The old PSB Image line is in closeout right now at dmc-electronics.com or saturday audio exchange. You would be hard pressed to touch such a system with anything else for the price.

http://www.ultimateavmag.com/subwoofers/1204psb/

http://www.goodsound.com/equipment/psb_image_t65.htm

http://www.hometheatersound.com/equipment/psb_t65_c60_s50_subsonic_6i.htm

http://www.soundstage.com/revequip/psb_image_t45.htm

http://www.hometheatermag.com/floorloudspeakers/87/

http://www.avrev.com/home-theater-loudspeakers/speaker-systems/psb-image-5.1-speaker-system.html


----------



## tonyvdb (Sep 5, 2007)

Also have a look at SVSound, They make a fantastic speaker and some of the best subwoofers available.


----------



## Jungle Jack (Jul 28, 2009)

Hello,
I would definitely go with the Panasonic Plasma. All of the Speakers being discussed are truly excellent.
I have owned many Paradigm Speakers over the years with my first pair of real Speakers being Paradigm 7 SE MK III. 

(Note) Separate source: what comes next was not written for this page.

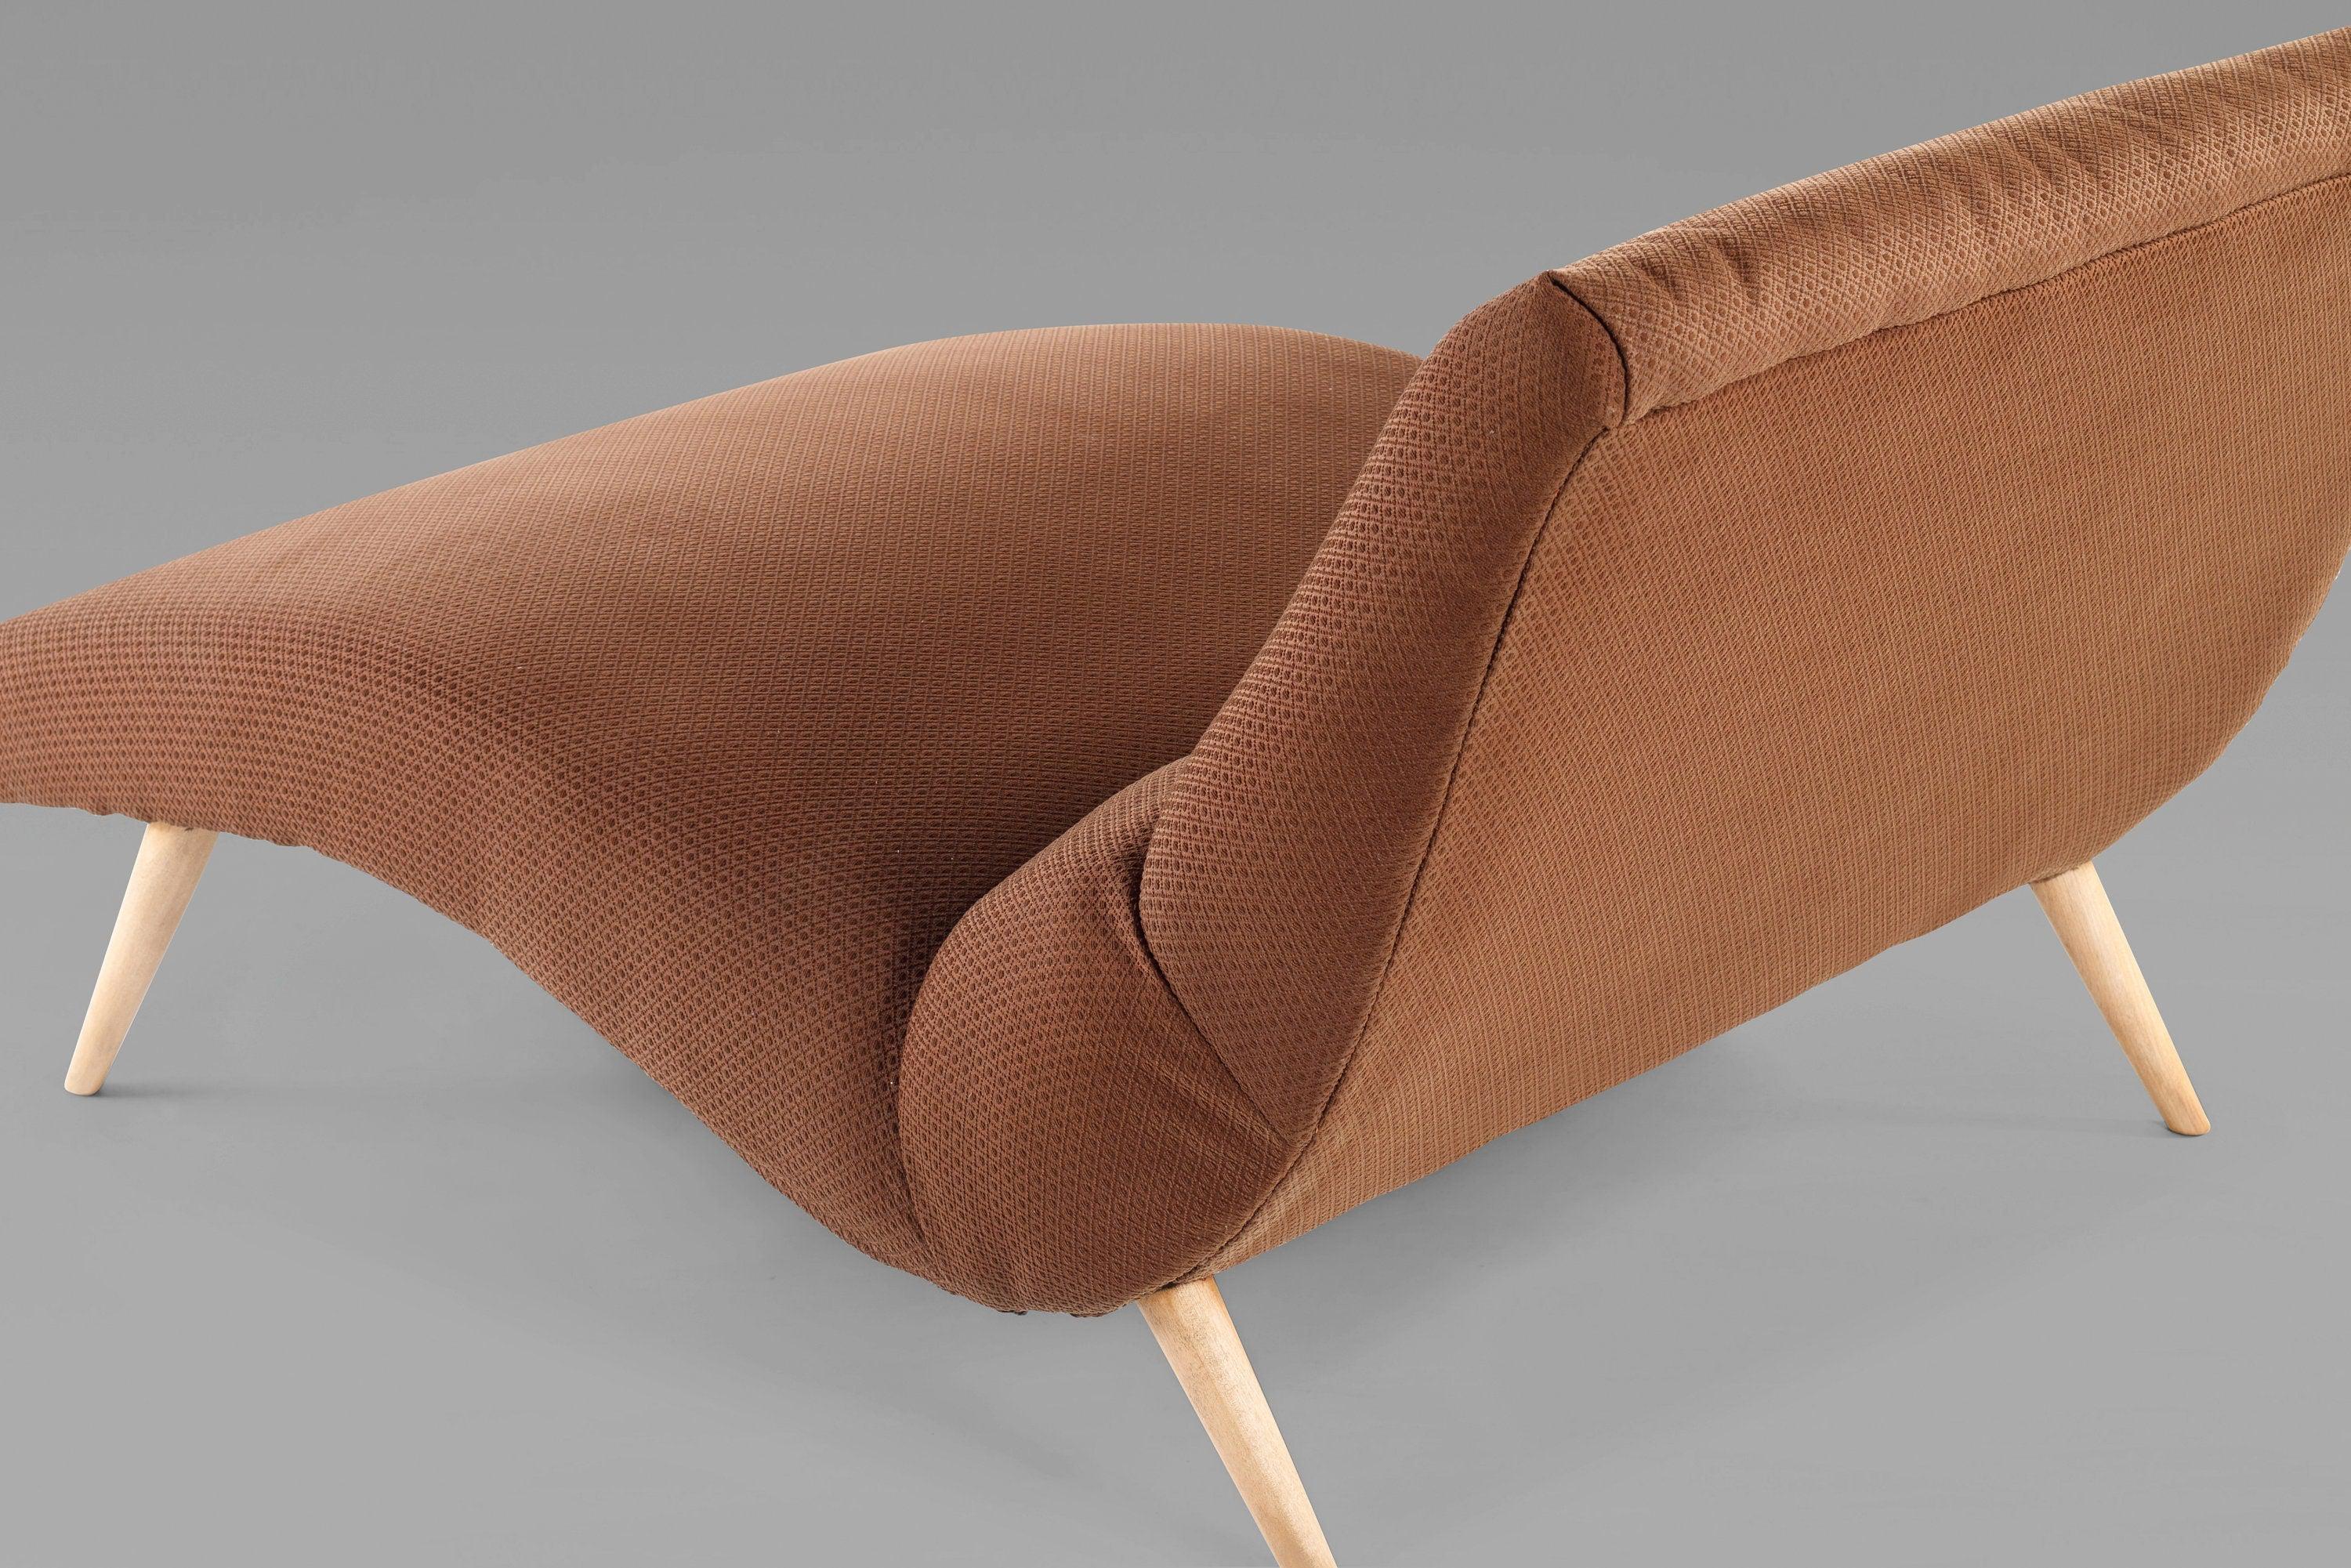 Mid-20th Century Architectural Wave Chaise Lounge Chair by Lawrence Peabody for Selig, c. 1960s For Sale

Years later, I had a Paradigm Reference Studio 100 V.2 (Front and Rear), Studio CC, and Servo 15 V.2
HT that I absolutely loved.

Over the years, I have also owned several PSB Speakers. I owned PSB Stratus Silver i's for a 2 Channel system and adored them. I have also literally helped over a dozen friends build systems based around PSB Image Series Speakers.

I always advocated the Image Series because they offered very comparable performance to Paradigm Speakers without the near impossibility of getting a discount of the Speakers. 

With Paradigm, it is about impossible to get a discount or have them shipped to you. While I think they are great Speakers, when helping friends build systems on a budget, PSB Image Towers provided much more value and comparable performance.

SVS also makes excellent Speakers and are certainly worth your attention. They also have a generous return policy should you not like them.

If possible, I would try to audition the Paradigm and PSB Image Series if there are Retailers in your area. One positive aspect to Paradigm being practically impossible to get discounted or mail ordered is they hold their value quite well should you decide to sell them.
Cheers,
JJ


----------



## Jon Liu (May 21, 2007)

I think that Panasonic makes better plasmas in general over Samsung, but really you can't go wrong with either one. I will also second the recommendation for you take a look at SVSound for your surround sound needs. Great, great company!


----------